8.4 Quality assessment and validation 8.4 Quality assessment and validation 8.4.2 Additional validation

8.4.1 Summary of main validation results

Without going into further details, the most important scientific validation results from Andrae et al. (2018) are:

•

For low-extinction stars in the range from 3000K to 10000K, we can estimate $T_{\rm eff}$ with an ‘error’ (strictly just a discrepancy) of about 324K with respect to literature estimates. However, this error depends on the intrinsic temperature distribution of the dataset under consideration; it can be smaller or much larger. For instance, we achieve an RMS differences of only 73K for solar analogues from Tucci Maia et al. (2016) and 230K for Gaia benchmark stars from Heiter et al. (2015). For stars with extinction larger than the training sample (see Table 8.2), the $T_{\rm eff}$ estimates are systematically too cool. Similarly, our estimates are too high (hot) for stars of very low extinction, e.g. in the Galactic halo. This is also the case for stars with low metallicities. Our quoted percentiles appear to be reliable uncertainty estimates for $T_{\rm eff}$ .
•

The training sample for ExtraTrees has a non-uniform $T_{\rm eff}$ distribution. This leads to artificial stripes when plotting a Hertzsprung-Russell diagram (for example).
•

We estimate $A_{\rm G}$ and $E(G_{\rm BP}-G_{\rm RP})$ with errors of 0.46 mag and 0.23 mag, respectively. These error estimates apply after removing the outliers that originate from the degeneracy of extinction with the observables, as explained in Section 6.5 of Andrae et al. (2018).
•

Given the large extinction errors, we recommend that extinctions should not be used for individual stars, but only in an ensemble sense, e.g. to apply a dust correction of the colour-magnitude diagram or for making extinction maps which average over many stars (Andrae et al. 2018).
•

${\cal L}$ and ${\cal R}$ were estimated without considering extinction, as discussed in Section 8.3.3 and shown in Figure 8.7. This implies that ${\cal L}$ and ${\cal R}$ values will be underestimated for those stars where extinction is not negligible.
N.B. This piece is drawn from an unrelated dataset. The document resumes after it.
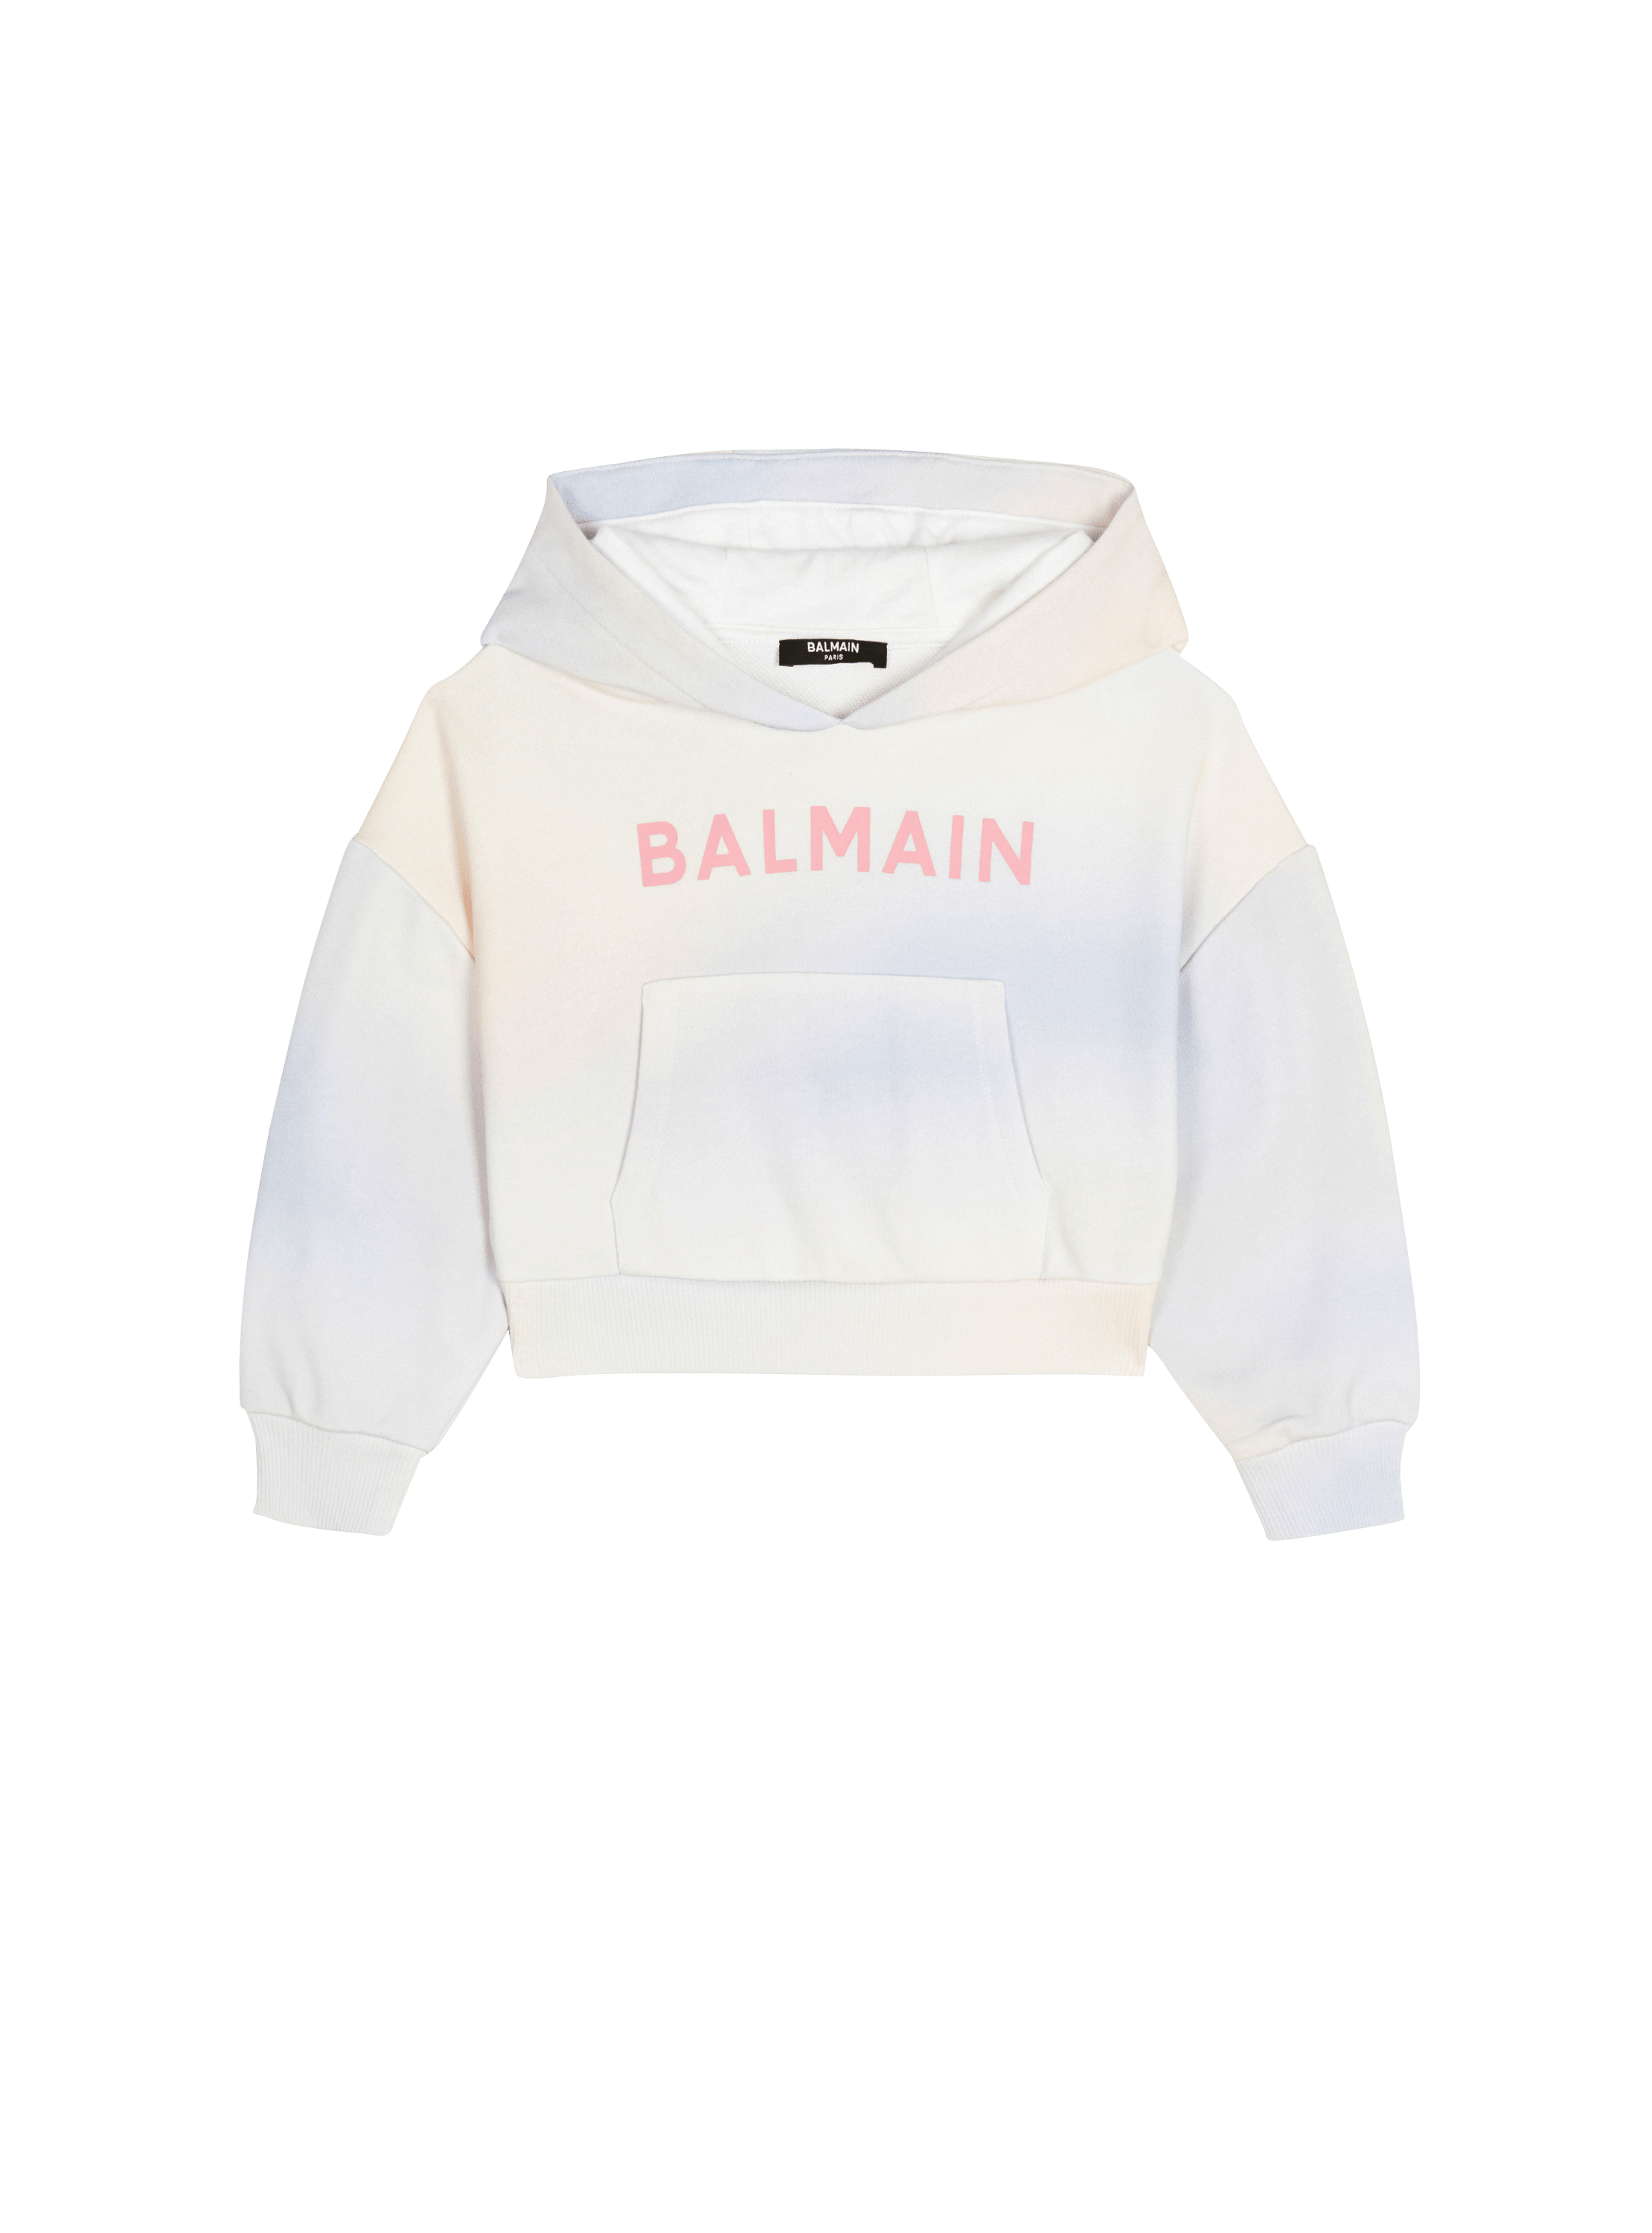 helgen Lignende Skur Cotton tie-dye hoodie with Balmain logo multicolor - Child | BALMAIN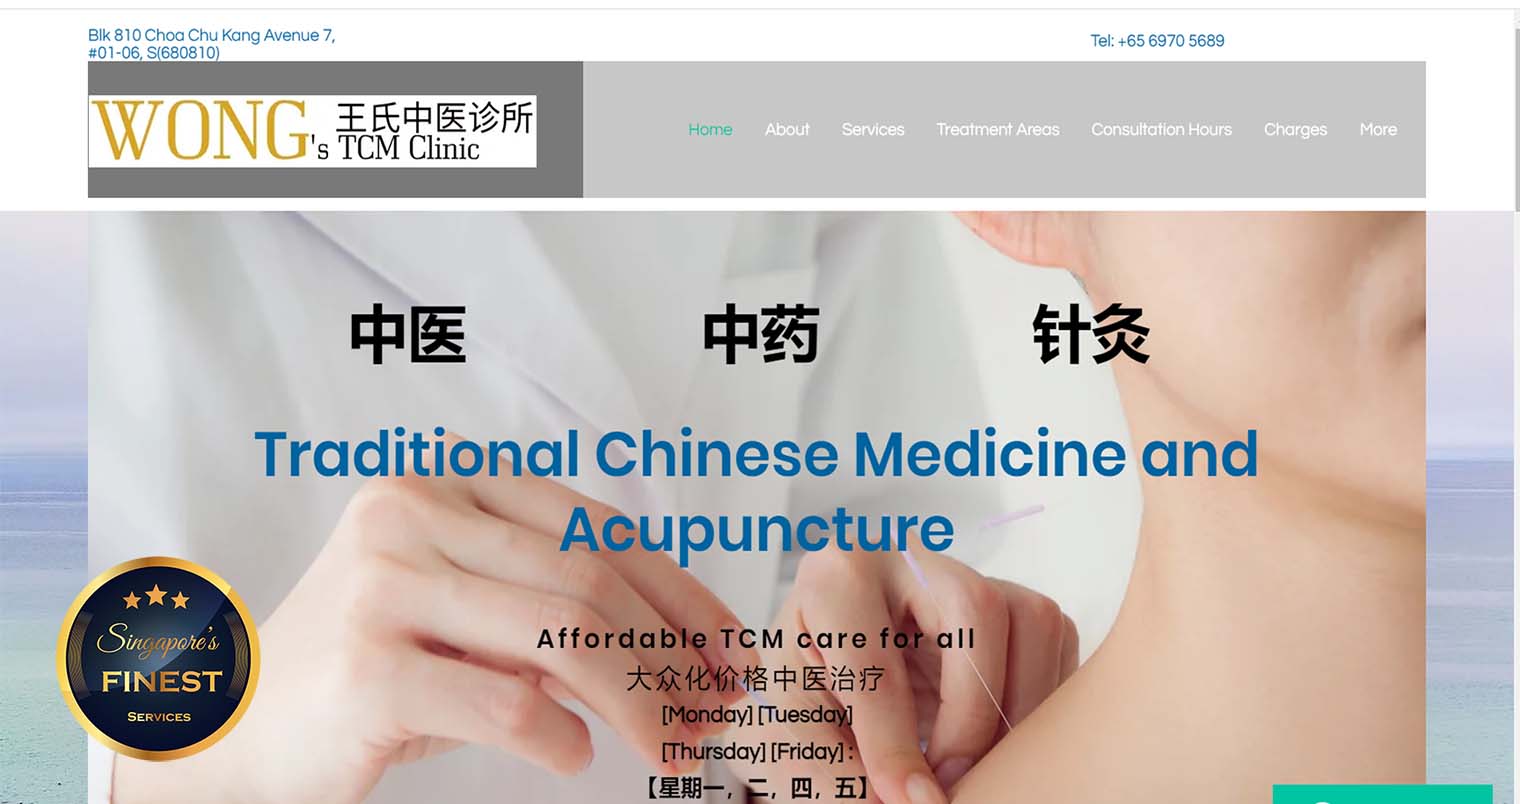 Wong's TCM Clinic - TCM Clinic Singapore

In Andrae et al. (2018), however, we show that the radius estimates should still be valid to within the uncertainties given. One can also use Equation 8.7 and Equation 8.8 to estimate new ${\cal L}$ and ${\cal R}$ based on the user’s preference for $A_{\rm G}$ .
•

Only 48% of sources with temperature estimates have estimates of ${\cal L}$ and ${\cal R}$ , due to the post-processing filtering. One of these filters is to restrict luminosities to those with relative uncertainties of 0.3 or better. After applying these filters the median uncertainty in luminosity is 15% for ${\cal L}$ $\geq 1.0$ ${\cal L}_{\odot}$ . Similarly, we restrict publishing values of radii to those with relative temperature uncertainties less than 0.2. The resulting median uncertainties in radii are 7% for all radius values.

Section 7 of Andrae et al. (2018) outlines the known limitations of our results. This must be consulted before using the Apsis data products.